— Не будем терять времени. Перераспределяйте груз на этих двоих. Только еду, палатки, питьевую воду. Аккумуляторы? Нет, ими придется пожертвовать. Замаскируйте все, что не сможем взять, потом вернемся… если еще будет за чем возвращаться. База недалеко, пара пеших переходов. Да, пеших! Поедут больные и дети, прочие пойдут своими ногами. Да, личные вещи на себе. А вы хотите здесь выжить?

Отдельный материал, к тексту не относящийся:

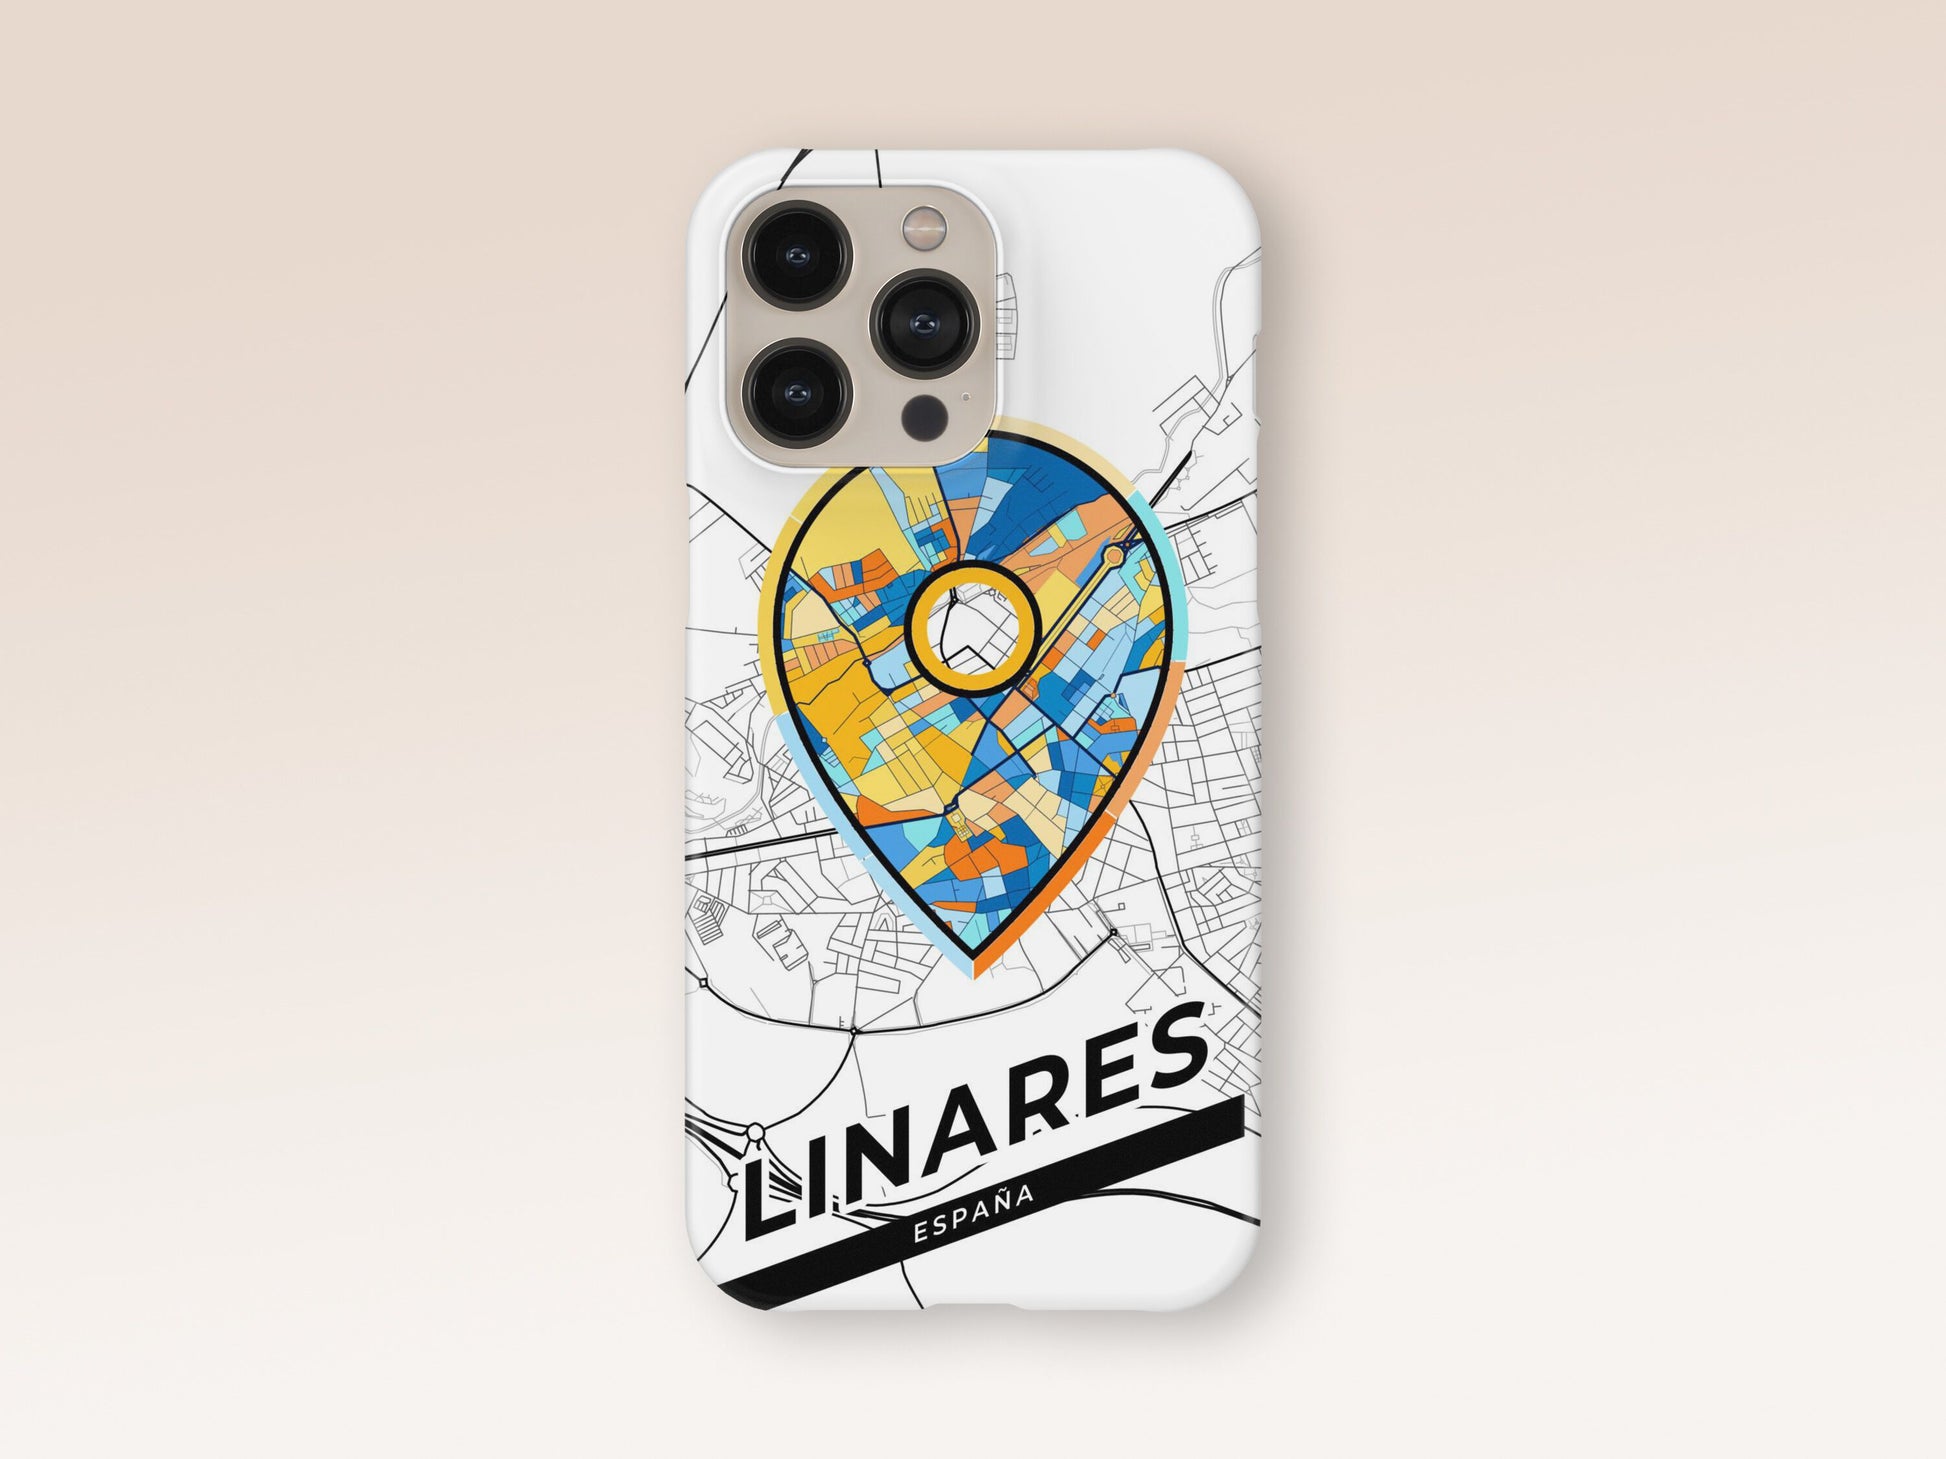 Linares Spain slim phone case with colorful icon. Birthday, wedding or housewarming gift. Couple match cases. 1

Они меня вычислили! Один прицепился на хвост, словно у него ко мне бог весть какое личное. Строчит как заведенный, и ни сбросить его, ни потерять, и попадает, вот что неприятно. Толковый мальчик, Назгулом бы я с ним потягался, а «реполов» — птица мелкая, можно сказать, безобидная. Пушка у меня одна, смотрит вперед, да и ту недавно поставили. Чужая она этому телу, как третья нога.
Страсть истребителей пристраиваться сзади породила множество шуток, в основном неприличных, но факт есть факт — ты его не видишь, а когда видишь, уже слишком поздно. Это если ты человек, а «реполов»-то сам по себе видит больше, чем сообщают пилоту его системы.
Такие кренделя выделываю, был бы человеком — забыл бы дышать. Негодую и восхищаюсь: у этого парня вестибулярного аппарата нет вообще? Был один такой, в позатой жизни, Улле Ренн, светлая ему память. Одного я добился, увел его за собой, этого братца-поганца. Увлекся он, вот и ладушки, пококетничаем.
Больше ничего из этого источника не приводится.